Task objective - Restate the listing word for word; omit the images.

Source data -
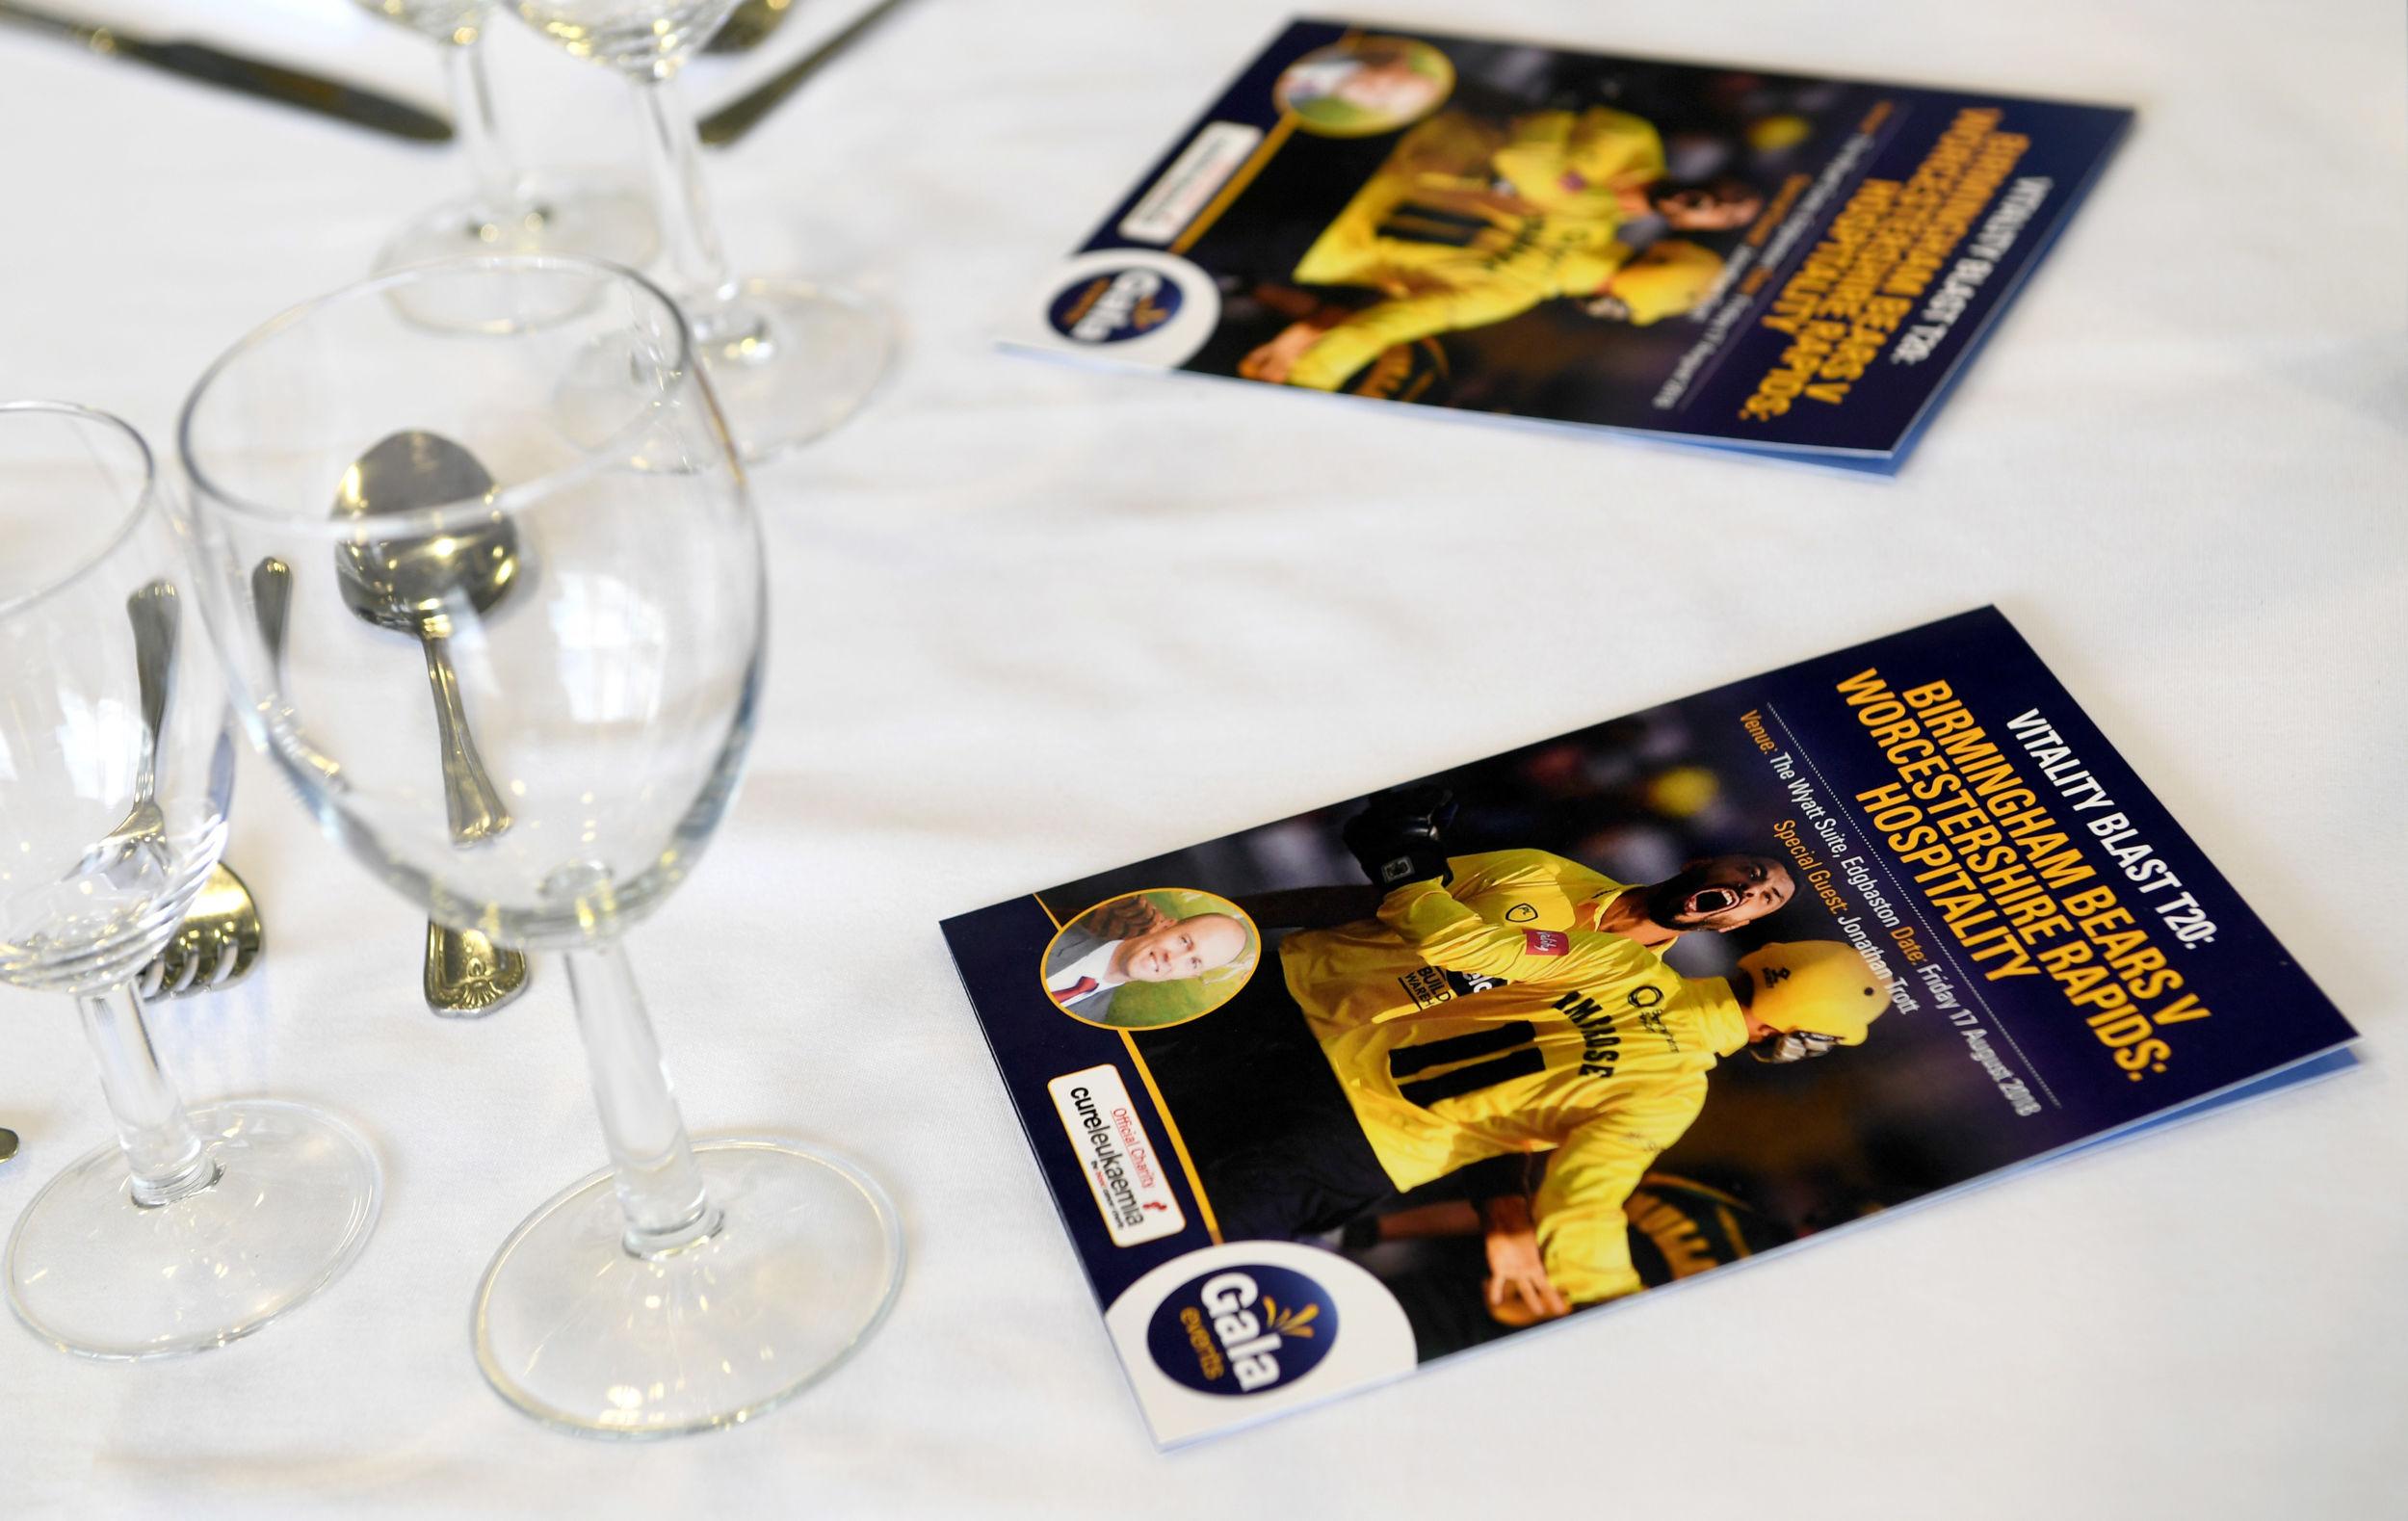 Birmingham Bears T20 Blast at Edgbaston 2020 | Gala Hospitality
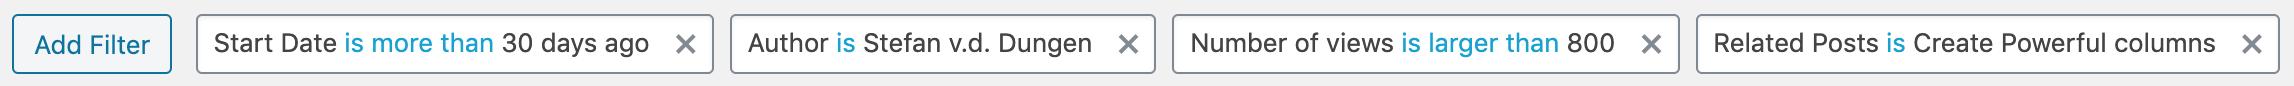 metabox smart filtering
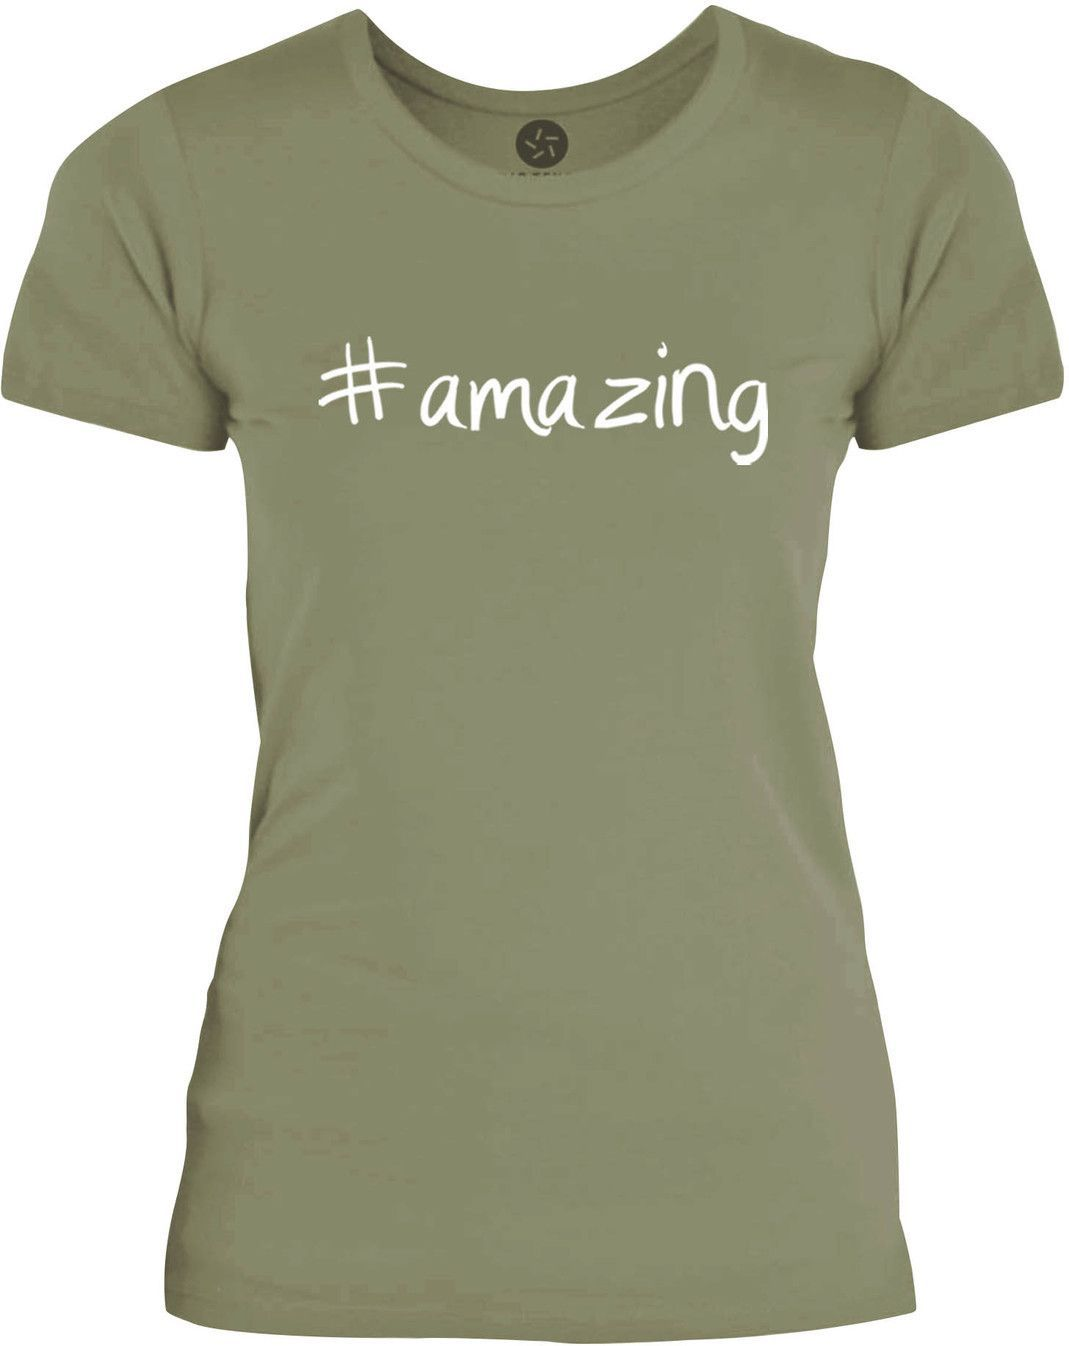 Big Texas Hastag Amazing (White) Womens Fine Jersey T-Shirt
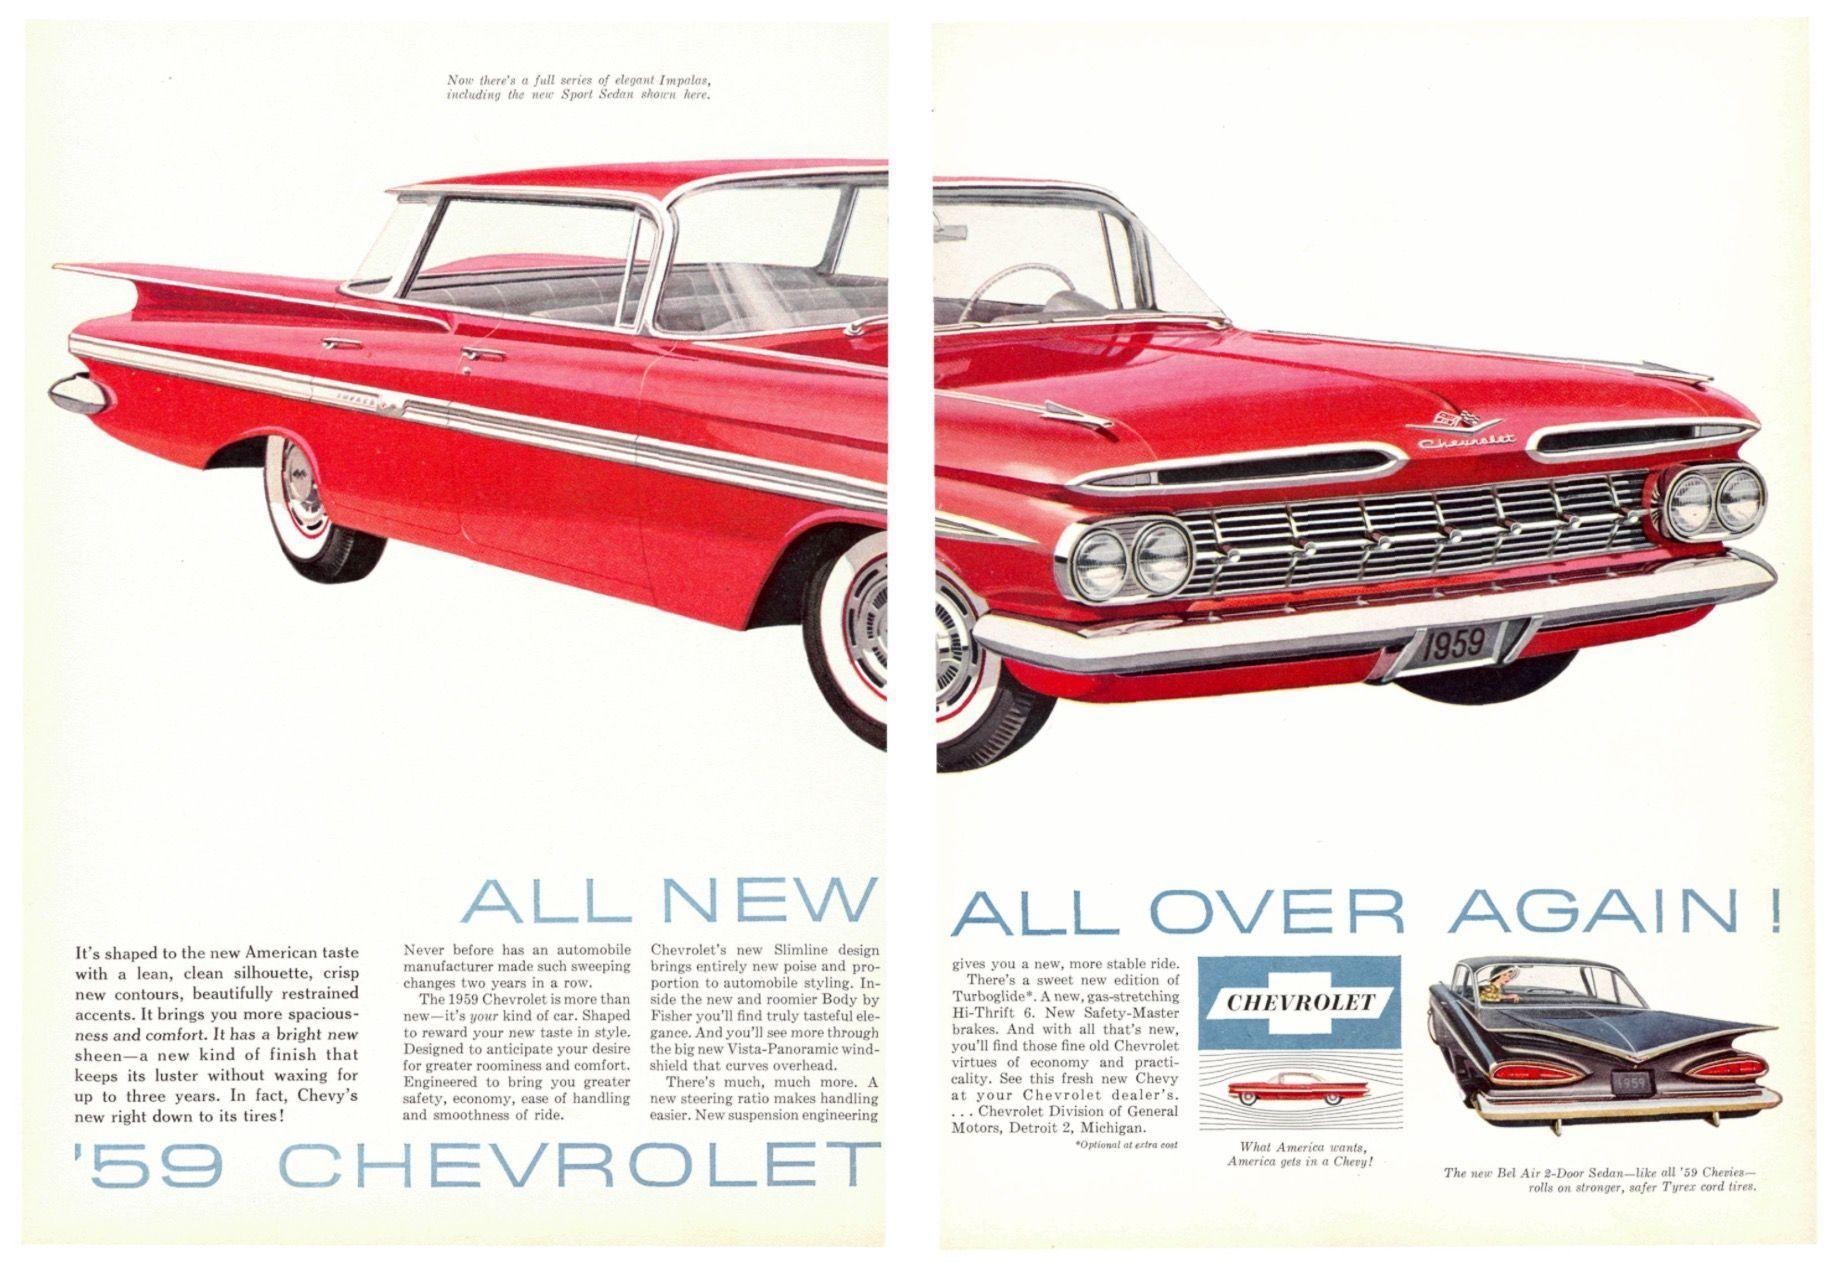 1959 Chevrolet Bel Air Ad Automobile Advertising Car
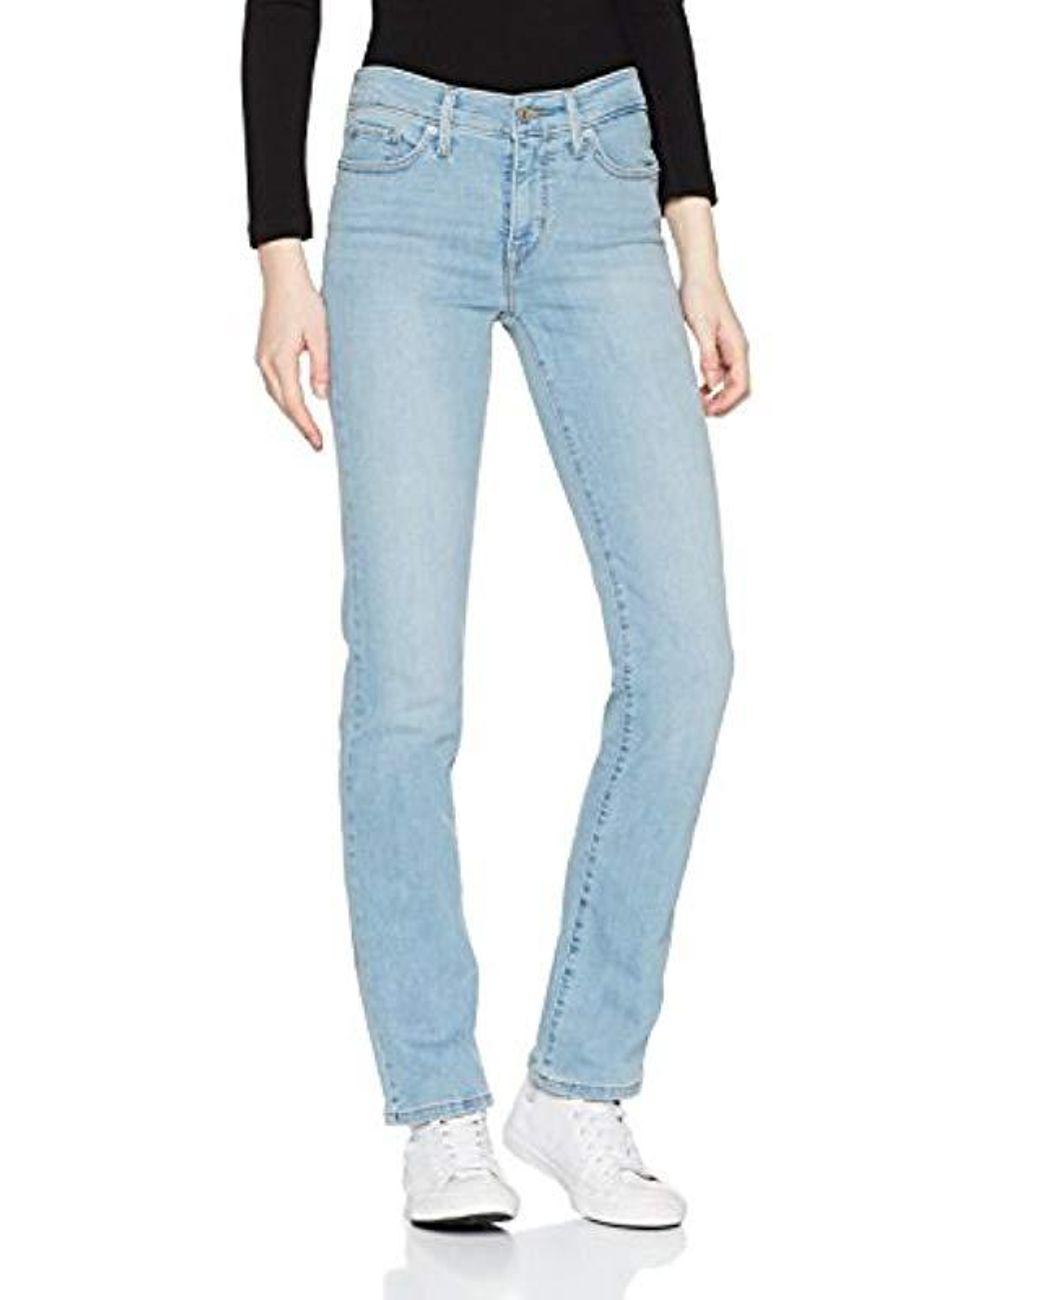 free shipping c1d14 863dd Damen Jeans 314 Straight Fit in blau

Written response -
 Birmingham Bears T20 Blast at Edgbaston 2020 | Gala Hospitality
 metabox smart filtering
 Big Texas Hastag Amazing (White) Womens Fine Jersey T-Shirt
 1959 Chevrolet Bel Air Ad Automobile Advertising Car
 free shipping c1d14 863dd Damen Jeans 314 Straight Fit in blau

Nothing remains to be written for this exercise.